Given that I never played Tekken 7 online before, it's hard for me to compare if anything is truly different between now and before, but given what I've heard about the online play in Tekken 7 in the past from friends and just in general on the internet, I have a hard time imagining that a Stockholm to Iowa connection was perfectly fine to play on before this new patch. I must stress that I don't have any evidence for this, but regardless of if it is better than it used to be, the fact remains that Dakota and I could easily play against each others despite being in vastly different parts of the world. That, to me, sounds like a passing grade for online play.

DarkHorse's Day 1 netplay update impressions

Similarly to Nick, I too spent the vast majority of my time in Tekken 7 offline over the past few years. I've played maybe 5-10 online sets in the past, and while many of them were 'functional,' those sets also had enough latency and hiccups to make them not very enjoyable — nor did they hook me and want to come back for more.

Flash forward to loading into the lobby with Nick where I was met with a lengthy synch screen and choppy looking intro that had me worried, but when I actually pressed a button, it still felt good.

As Nick pointed out, our matches didn't feel like they were offline, but there was shockingly little latency and zero consistency issues for the six or seven games we ended up playing.

It didn't really feel like we were playing "online Tekken"; our set just felt like Tekken.

He was able to land some of Lili's fancy extended combo strings multiple times without ever dropping them, and I was happy to be able to react to one of his buttons with a Rage Art. I never would have thought Nick was almost half way across the world if I didn't know.

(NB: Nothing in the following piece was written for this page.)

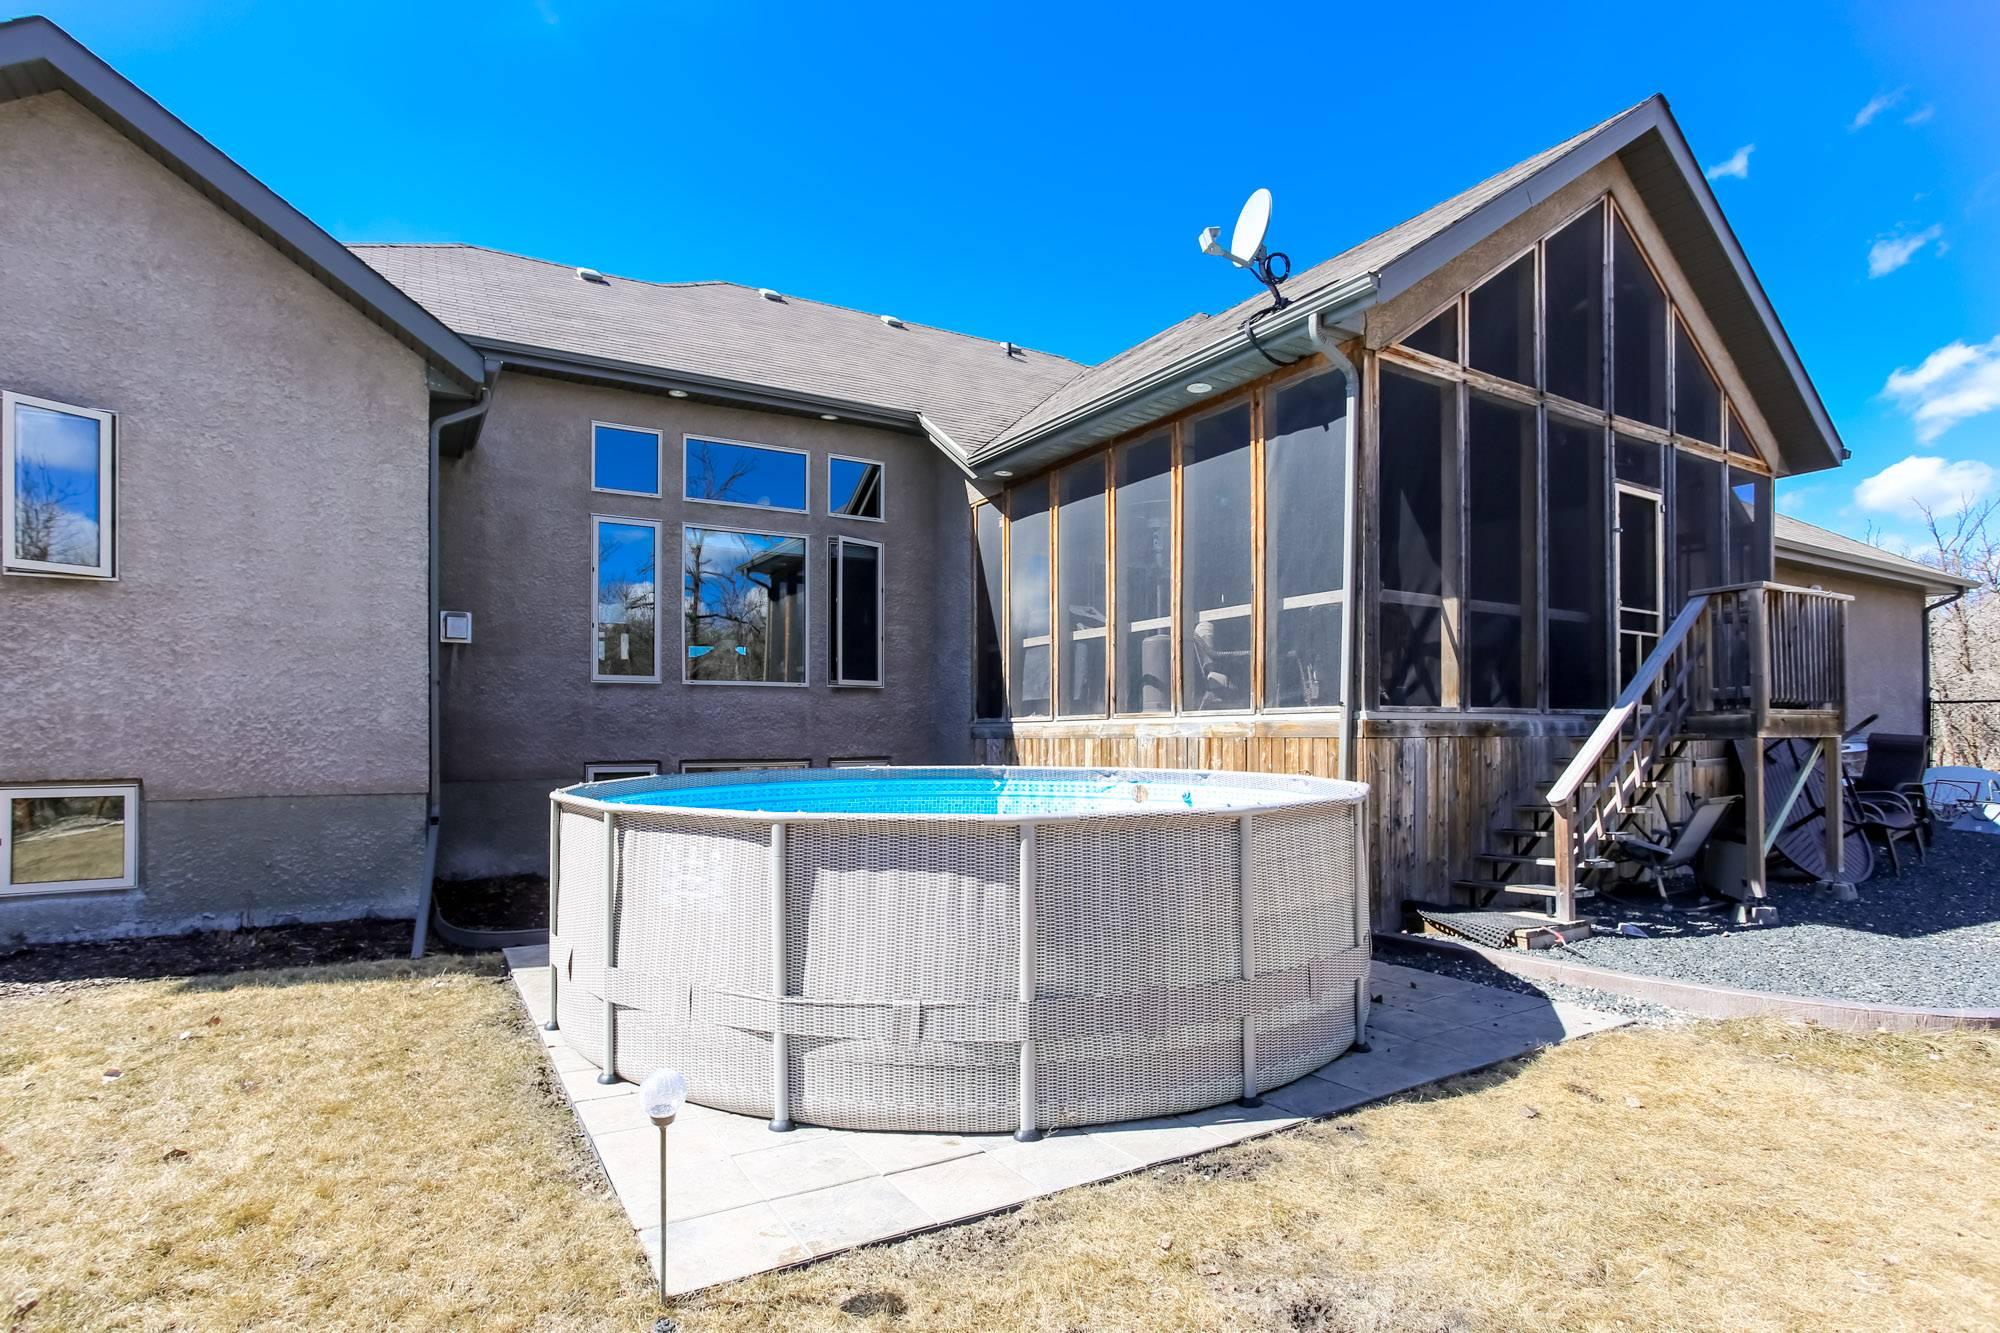 167 Blechner, Winnipeg, Manitoba  R2P 0R1 - Photo 41 - 1909980

We left the set content and happy to play more which is an accomplishment in itself though we can't expect this to really be the normal experience either because that sort of distance just brings in too many things that could go wrong.

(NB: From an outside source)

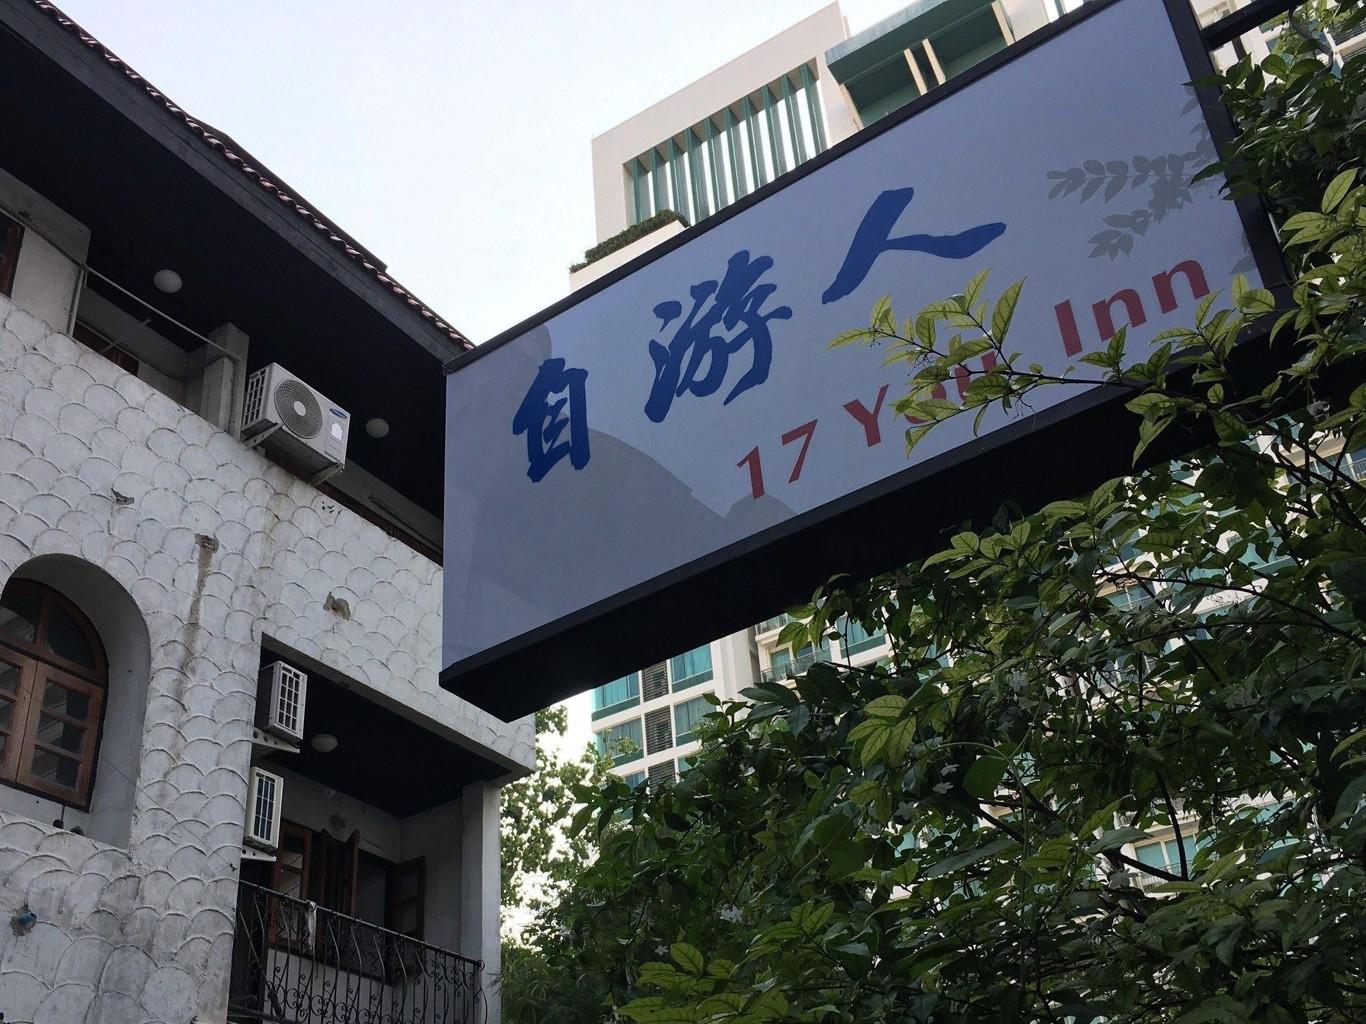 17you Inn

Coming off of that which exceeded my expectations fully, I went on later to play against over a dozen more players of varying connections and countries to see if it'd still hold up. To my enjoyment, it mostly did.

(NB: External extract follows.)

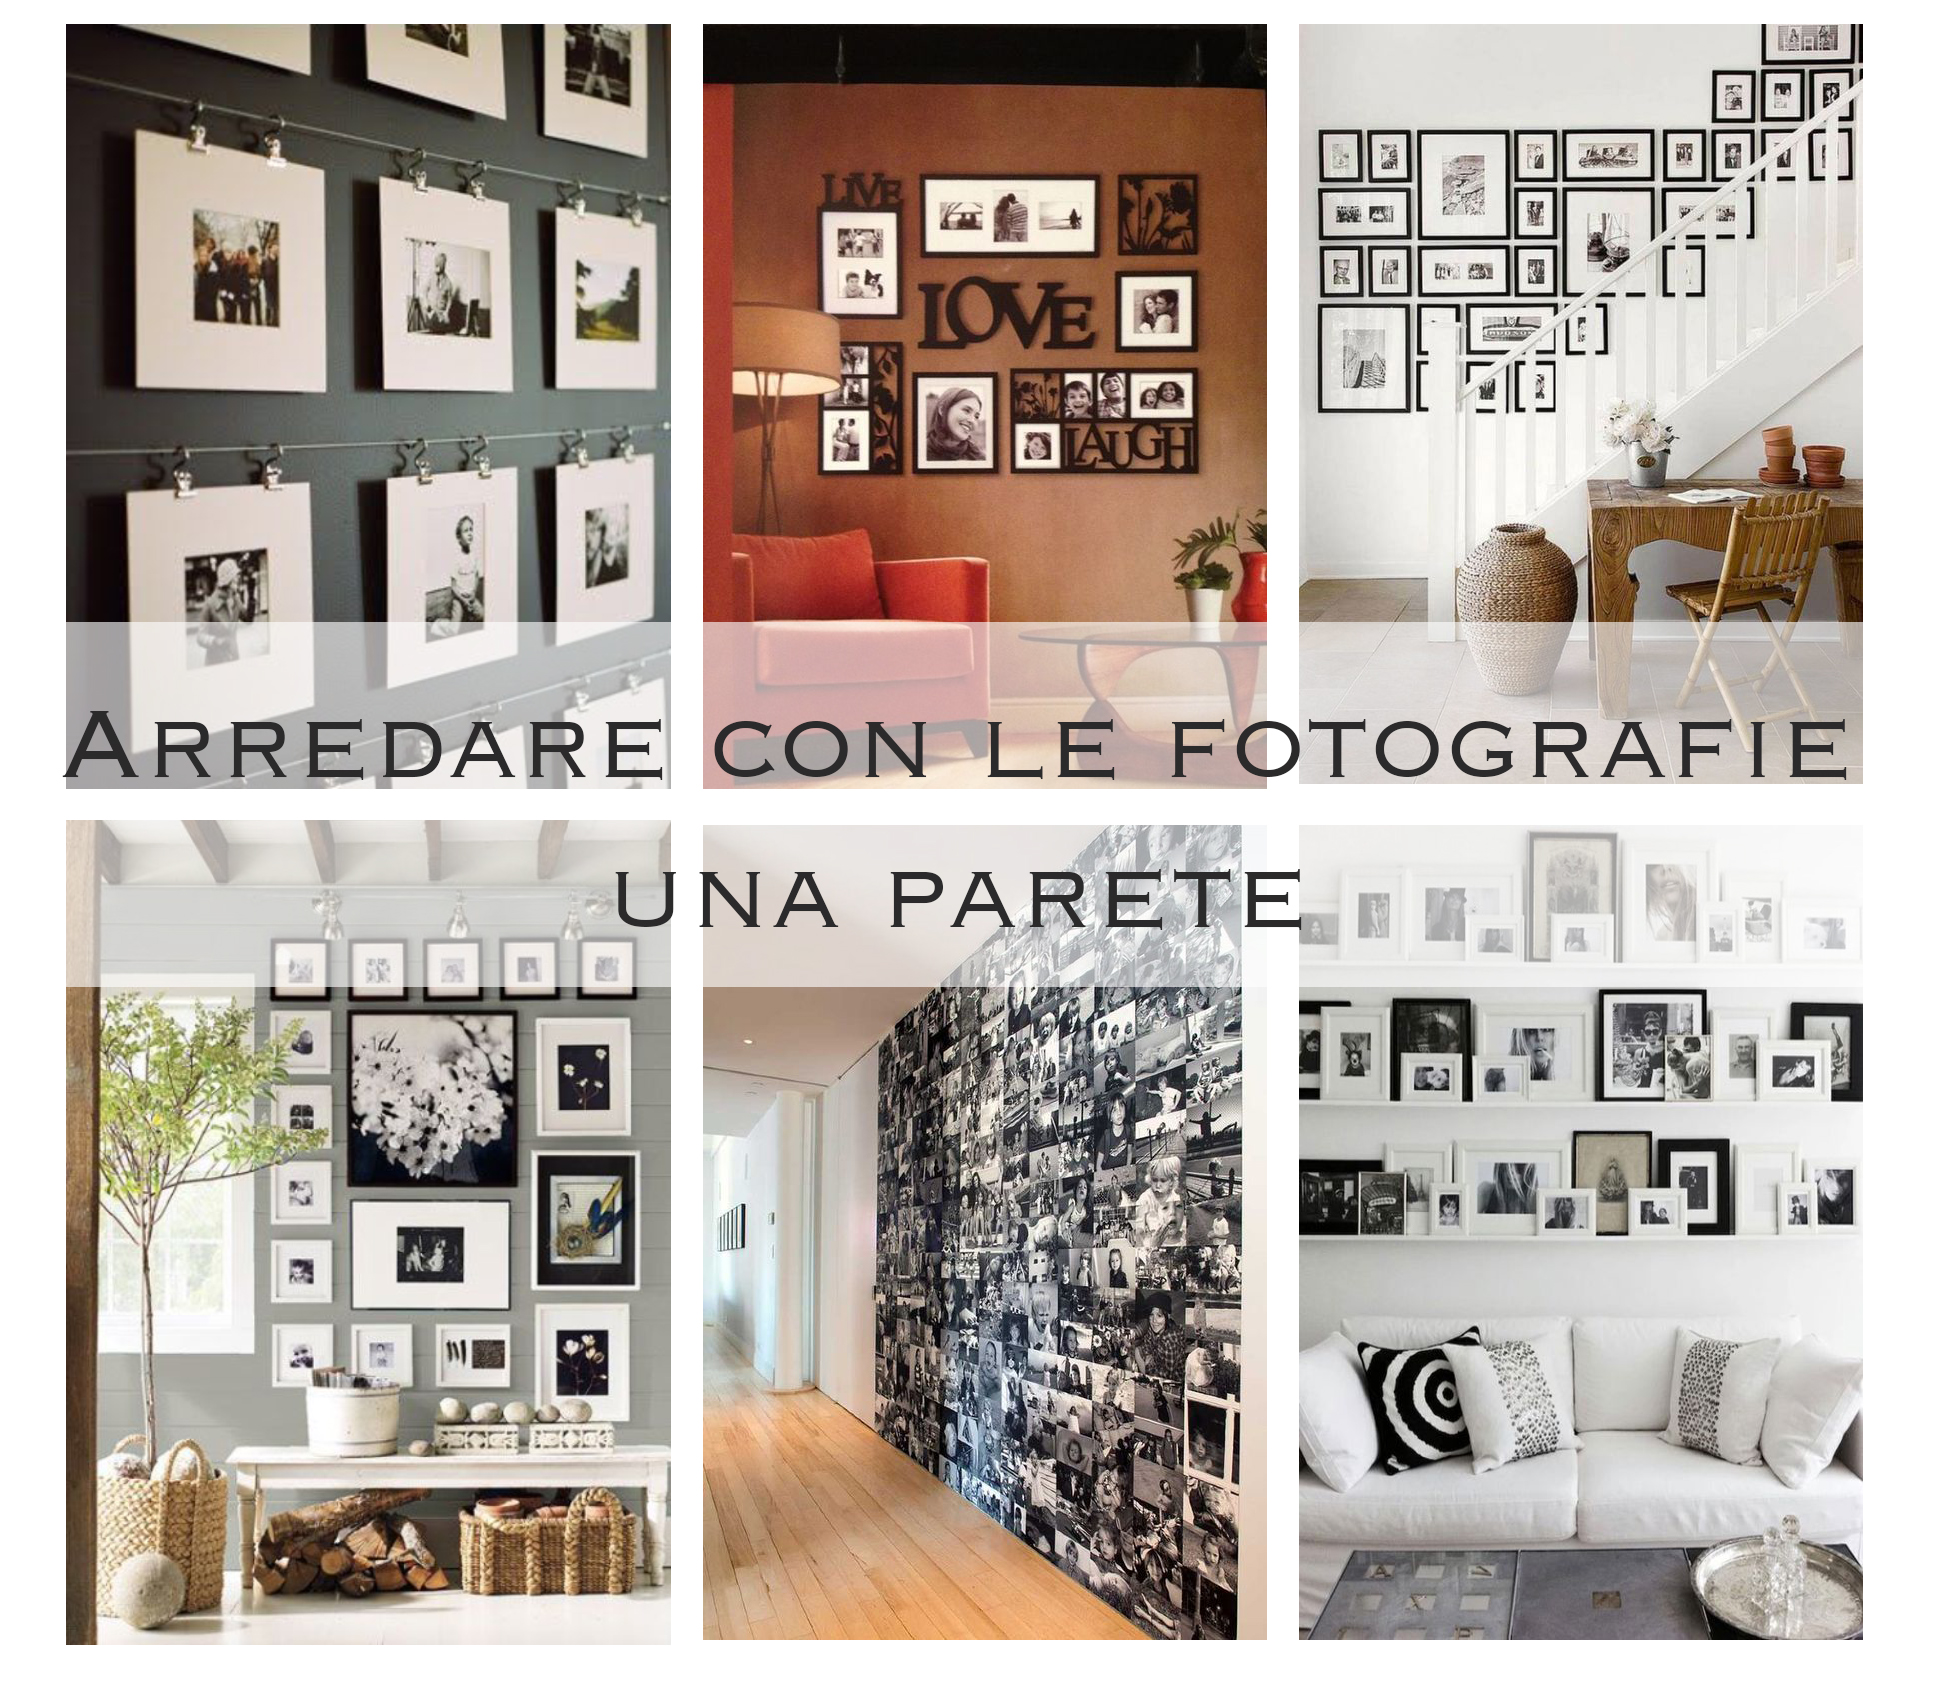 Come arredare con le fotografie una parete bismama for Arredare parete

Five-bar wired connections easily feel offline now and so do a good amount of four-bar statuses. Our match between Iowa and Sweden was rated as a three-bar connection.

Nothing ever chugged or lagged in those wired connections, so even though I was getting stomped into the floor frequently, I could only blame my lack of knowledge and execution instead of latency.

That wasn't exactly the same case with Wi-Fi players, however, as while a five-bar connection against them would be fairly smooth, anything else would still present problems.

The game could still hitch in these moments and cause me to drop combos that I never did at any other point in the night, and I even had one freeze up entirely and lose connection.

"Tekken 7's new Wi-Fi indicator may be just as important as the new netcode itself though even without the icon, pretty much anyone could probably tell what kind of connection their opponent is on now"

Considering a few of them were in South America and Europe though, those games were still probably quite a bit better than they would have been before the patch.

Tekken 7's new Wi-Fi indicator may be just as important as the new netcode itself though even without the icon, pretty much anyone could probably tell what kind of connection their opponent is on now. The gap between the two is that much more noticeable in many cases.

Mileage will vary depending on your own circumstances and connections, but personally, I've come away fairly impressed and even seeing my expectations exceeded throughout most of my extended session.

I'll also note that we were both using PS4s (PS4 Pro for me) with wired connections during our playtime, so other systems may see differences in performance too.

If their goal was to bring me back in and think about playing Tekken even more, the development team succeeded. This is the most I've wanted to sit back down and keep playing / learning in years with this game.

For anyone out there contemplating picking up Tekken 7 or getting back into it, Season 4's netplay makes it so much easier to recommend now.